She had sunk upon the floor at his feet. Her legs were drawn beneath her; she poised herself upon her supple white arms, looking up at him.

"Sometimes," she returned, evenly. "Even as it brings joy, and ecstasy and happiness untold…. And it does bring that," she purred, sibilantly. "Doesn't it, My Fool?"

He leaned forward, drawing her to him.

"You know it," he cried…. "You know it!"

She saw beginning to glow in the leaden eyes the light that she alone knew how to kindle…. It pleased her…. It pleased her also to blight it at her will. She laughed. She knew as well how to blight as how to kindle. She knew also how to twist a soul in torment; and how to swirl it to the false heaven of unreal joys. For she, of the Unknown, knew much— more, perhaps, than of the known. She said, laughing janglingly:

"But did you ever think, My Fool, that there are different loves?"

He sunk back into his chair. The eyes again were leaden. His head bent. She leaned forward, taking from a vase on the table a nodding white blossom.

"One love," she went on, "is like the white rose—pallid, pale, wistful, weak—a lifeless thing that lies dead against the hand that holds it— that wearies the eye and chills the soul…. The other love is like the red rose—rich, rare, glowing, glorious—that thrills the heart with the joy of living and quickens the blood in the veins until the very soul cries out in the frenzy of its fragrance—a pulsing, throbbing love of body and soul and heart and head, that rushes upon one like a storm at sea, dashing one hither and thither, impotent in its tearing, tossing grip…. That is our love—the Red Love—and it is sweet, is it not, My Fool?"

She bent over him, watching the light again leap to the heavy eyes as he answered:

"Sweet? Sweet as Paradise—a false Paradise, perhaps; but still Paradise!
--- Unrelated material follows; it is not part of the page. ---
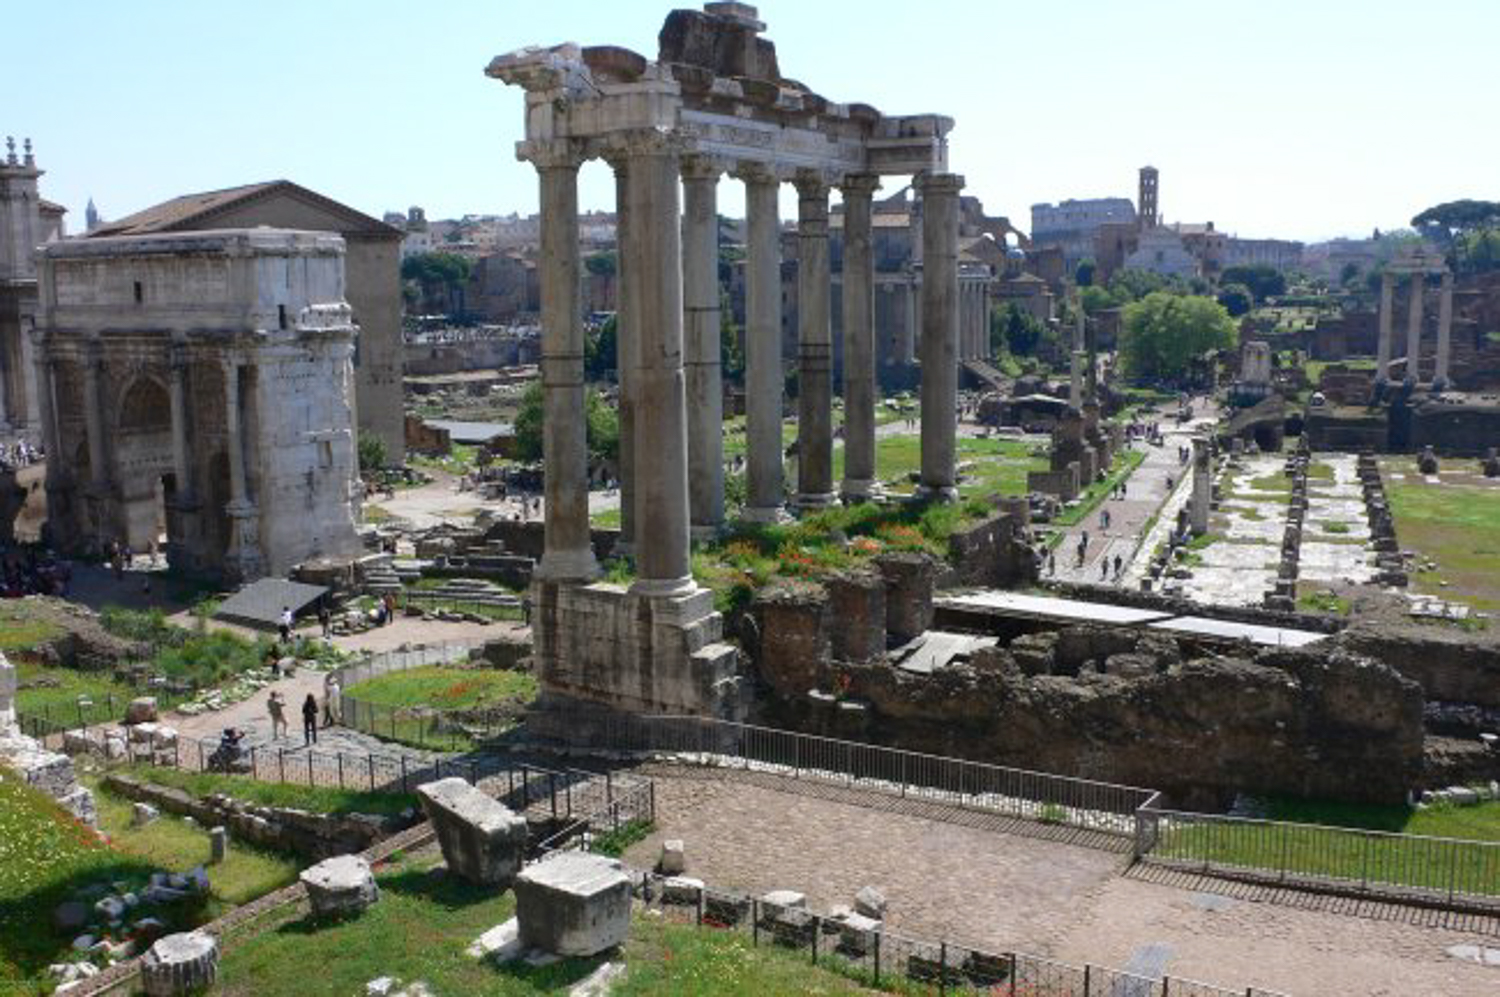 The Forum Rome

Those days on the Mediterranean, the sea no bluer than the sky that held it in its sunlit hand—and Venice—Venice, with the great, round moon overhead, and the mysterious semi-darkness all about—the splashing of soft waters there beside us and the silent whisper of the lazy oar—and just you and I—alone amid all the glories—side by side—heart in heart— soul in soul." With a great choking sob: "It was sweet, Lady Fair! Sweet!"